Appendix 2: Social Network Analysis Measures
Evaluation of AHRQ's Pharmaceutical Outcomes Portfolio
|Network Size||The number of unique ordered pairs of actors within the network and is a basic demographic of a network. Network size matters, because it shapes the social structure of the network due to the capacity and resources needed to maintain relationships (Hanneman, 2000).a|
|Number of Ties||A basic demographic of the network and is the count of the number of relationships or ties in the network (Hanneman, 2000). It can reveal how large and connected the network is which has implications for information and resource flows.|
|Average Distance||The average number of relations in the shortest possible connection from one actor to another. Again, this metric has implications for information and resource flow; if distances are large it may take some time for resources to flow through the network (Hanneman, 2000).|
|Density||The total number of actual ties divided by the maximum number of possible ties in the network (Kilduff and Tsai, 2003). It ranges from 0-100 and is the overall measure of connectedness of actors within the network. The higher the density of a network, the more connected the actors are which increases information and resource. Although the density measure of one CERT cannot be directly compared to that of another in part because the density is in part a function of the size of the network and would be meaningful comparison if networks were the same size. The density measure is difficult weight heavily because it is a somewhat artificial measure given the data collection did not include speaking with the partners in the network to ask who their partners given resource constraints, evaluation priorities, and the ego network framework. Therefore, naturally the density measure was lowered because of this for all the CERTs.|
|Degree Centrality||Measure of the ego actors' position within the network by counting the total number of direct connections of that actor.
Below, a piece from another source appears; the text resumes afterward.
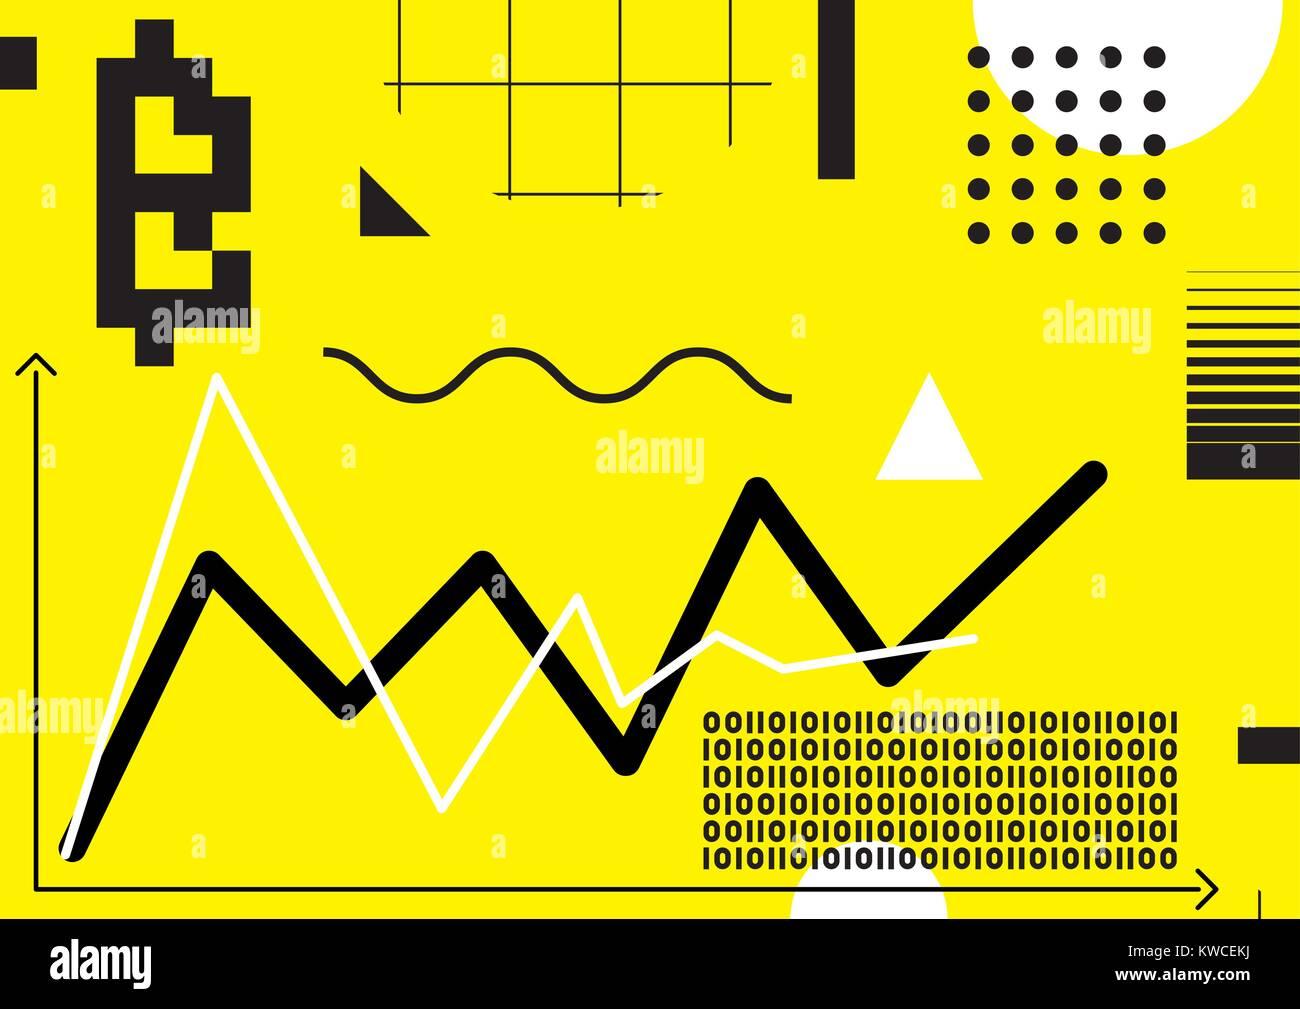 Typography horizontal banner for Blockchain - Stock Image

Core or central actors have many more connections than do those who are on the outside or periphery of the network. Those actors that are central within the network are in a position of power within the network (Kilduff and Tsai, 2003). The lower bound of this measure is 0 and its upper bound is a function of the total number of ties.b|
|Closeness||Measure for networks that are fully connected and examines the "shortness" of the direct connections of the actor to other actors in the network. A large closeness measure positions the actor so that they can reach many other actors within the network, thus putting them in a power position within the network (Kilduff and Tsai, 2003). As with Degree Centrality, the lower bound of this measure is 0 and its upper bound is a function of the total number of ties.|
|Betweeness||Measure of an actor's ability to be a bridge or "go between" for other pairs of actors by being an intermediary connecting that relationship (Kilduff and Tsai, 2003). It ranges from 0-100; a high betweeness score signifies that an actor occupies a broker role within the network, and can mitigate contacts between other actors (Hanneman, 2000).|
|KeyPlayer||Measure resulting from a program that identifies the optimum sets of nodes to target for either removal or observation/intervention in a given network. Thus the key members of the network are identified and confirmed by core/periphery measures in Ucinet (Borgatti, Everett, and Freeman, 2002). A keyplayer plays a prominent bridging role in the network and its removal would result in a fragmented and less connected network. There are no upper or lower bounds to this measure, rather it locates key actors within a network based on data input. The norm is to locate 2-3 key actors, but that is a judgment based on the size of the network you are dealing with. The keyplayer algorithm is a metric designed to locate the main actors within the network diagram that if removed would fragment the network or in which their position in the network indicates an opportunity to expand the network.|
a. Hanneman, R. (2000). Introduction to social network measures. Retrieved June 9, 2005, from http://faculty.ucr.edu/~hanneman/networks/nettext.pdf. Accessed December 20, 2007.
b. Kilduff, M., & Tsai, W. (2003). Social networks and organizations. Thousand Oaks: Sage Publications.